WORK REQUEST: Copy out the lines beginning with the one that contains "Antike Seiden Kleid aus Usbekistan No:21/11" and ending with the last line below, exactly as they stand. Pictures are not copied.

INFORMATION PROVIDED:
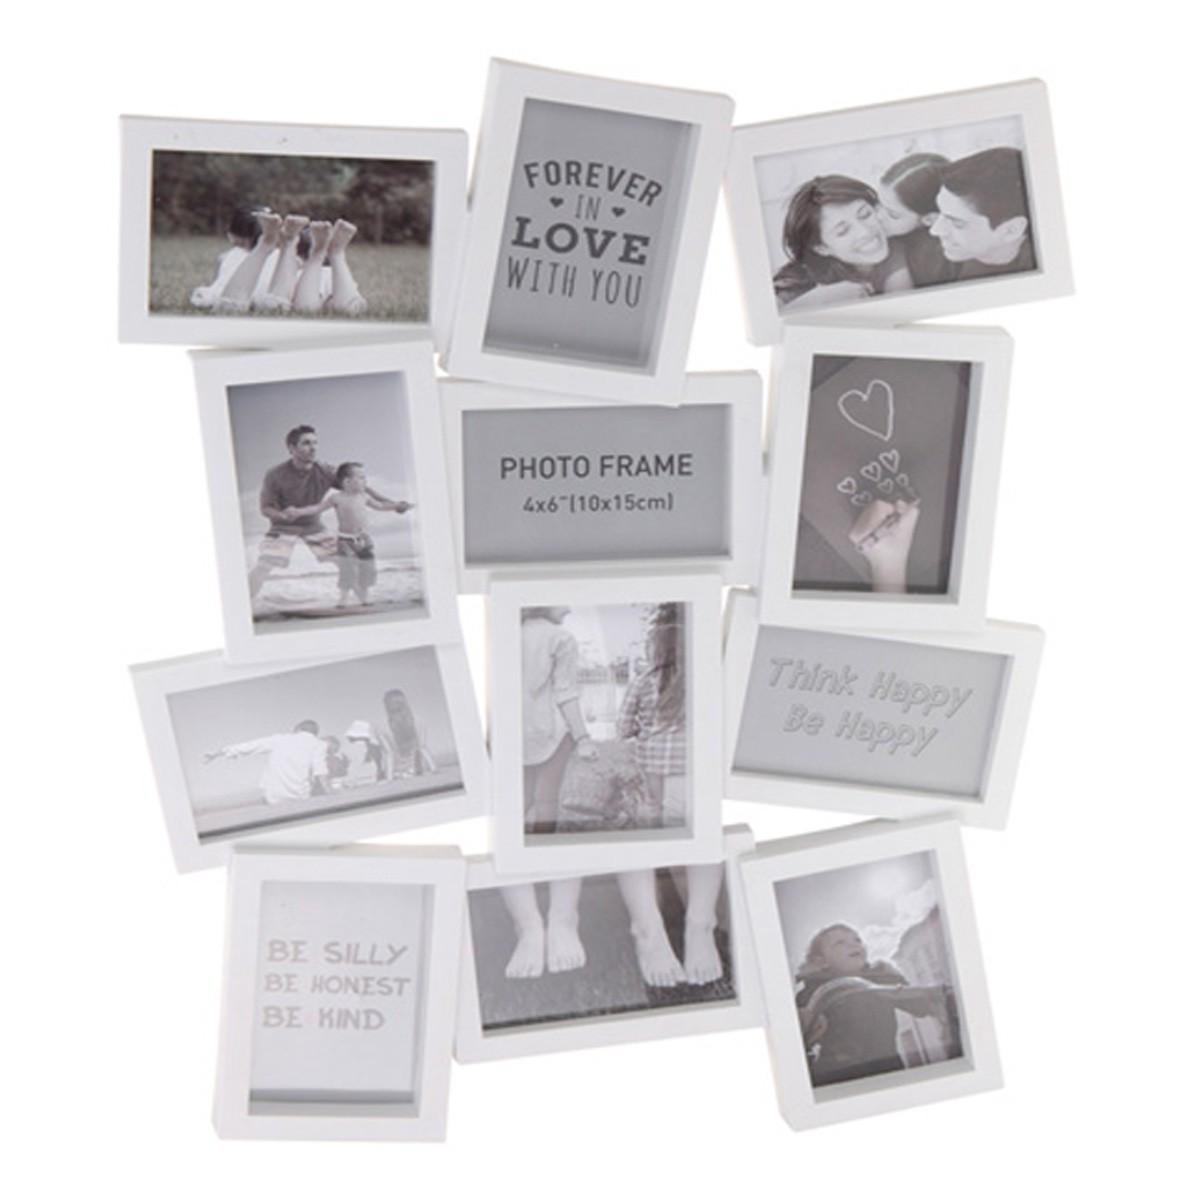 bilderrahmen 62x48cm f r 12 fotos aus kunststoff fotorahmen collage. Black Bedroom Furniture Sets. Home Design Ideas
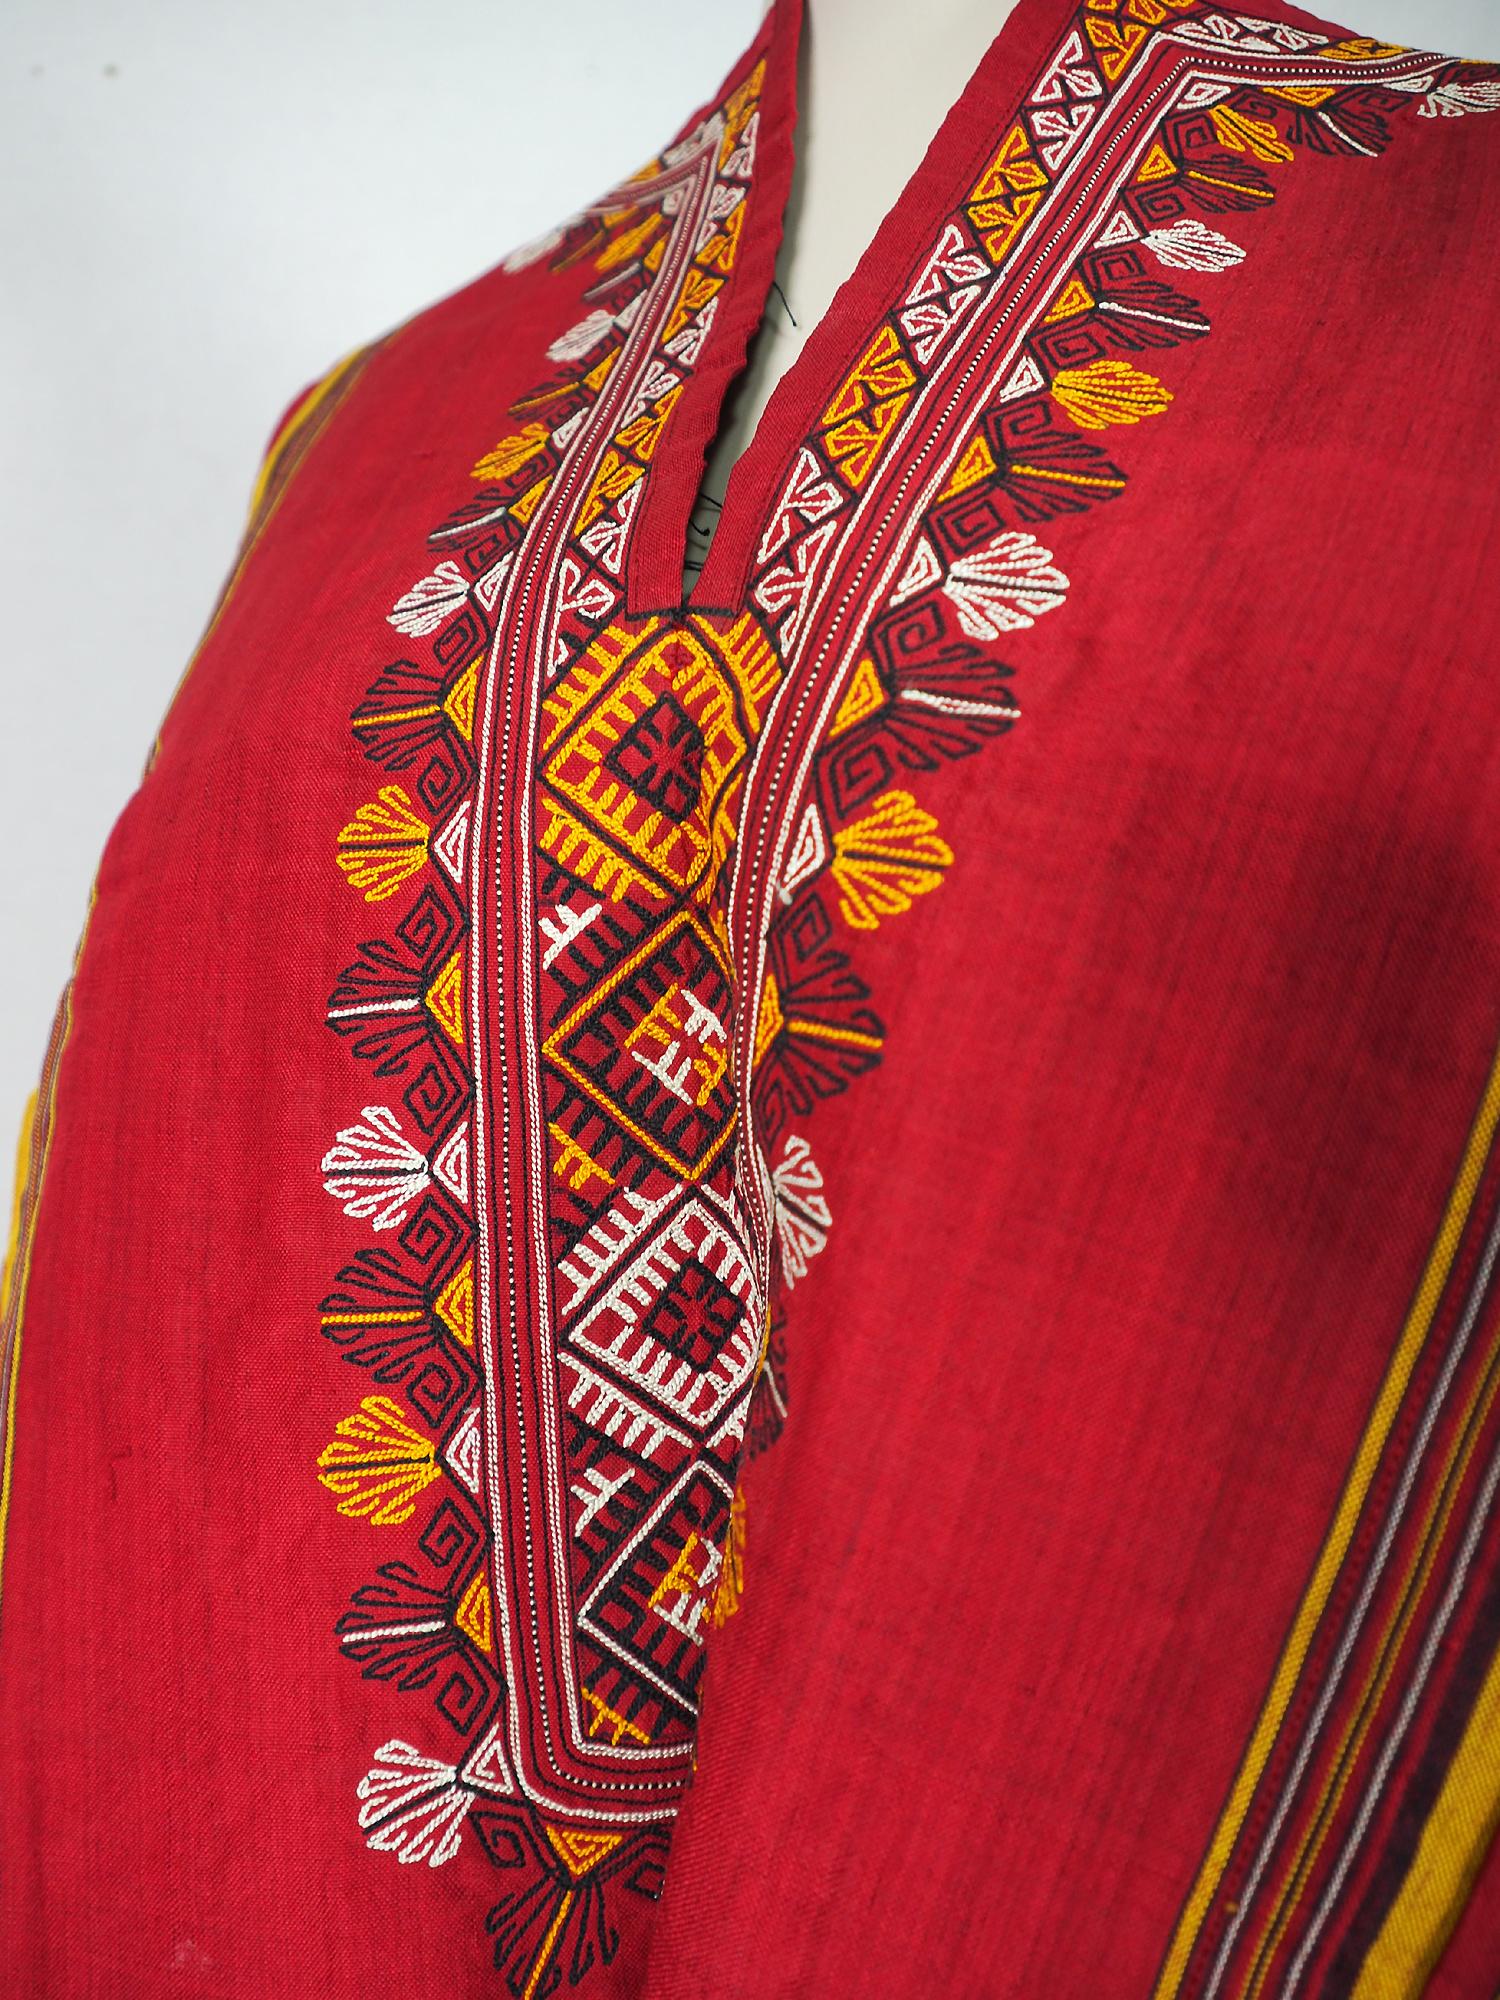 Antike Seiden Kleid aus Usbekistan No:21/11
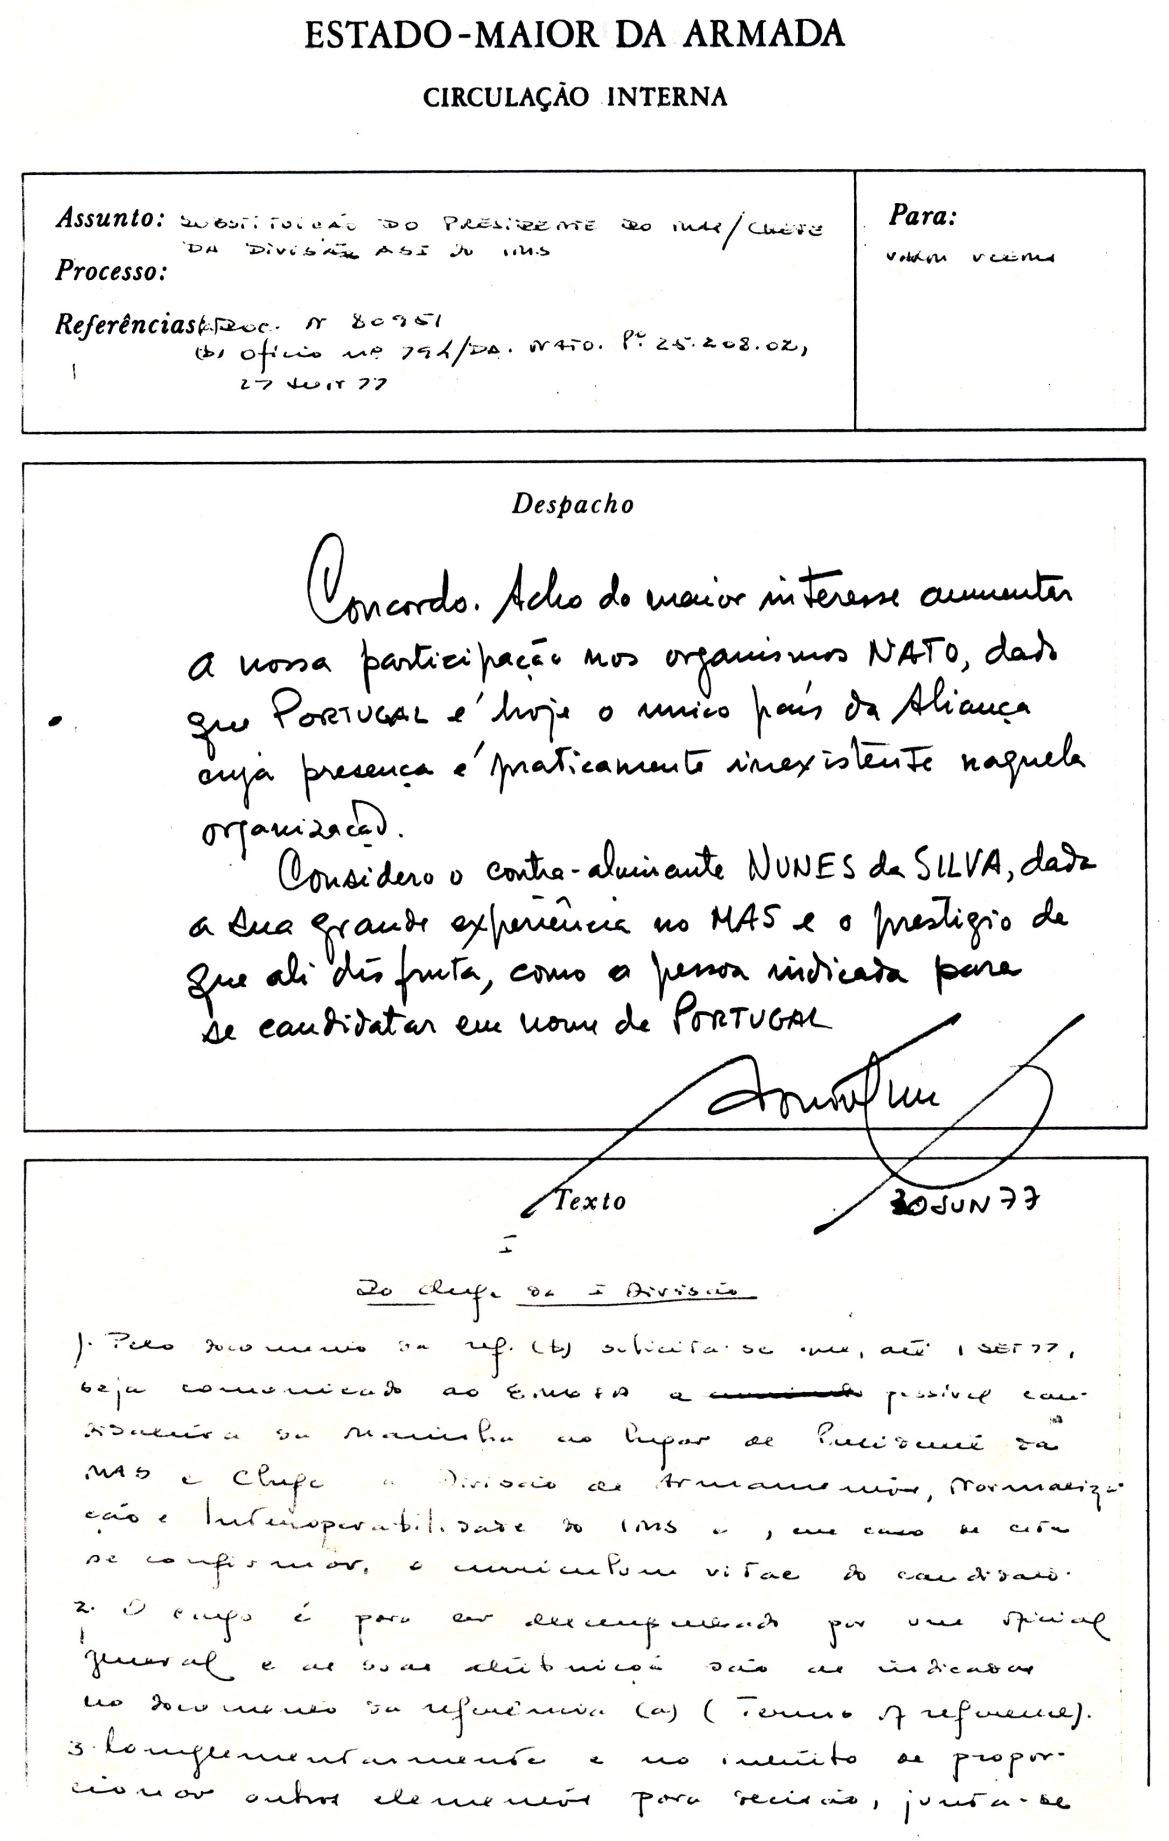 00823 977-06-30 Cargo na NATO - Alm CEMA concorda com a candidatura do Contra-Almirante Nunes da Silva

EXPECTED ANSWER:
 Antike Seiden Kleid aus Usbekistan No:21/11
 00823 977-06-30 Cargo na NATO - Alm CEMA concorda com a candidatura do Contra-Almirante Nunes da Silva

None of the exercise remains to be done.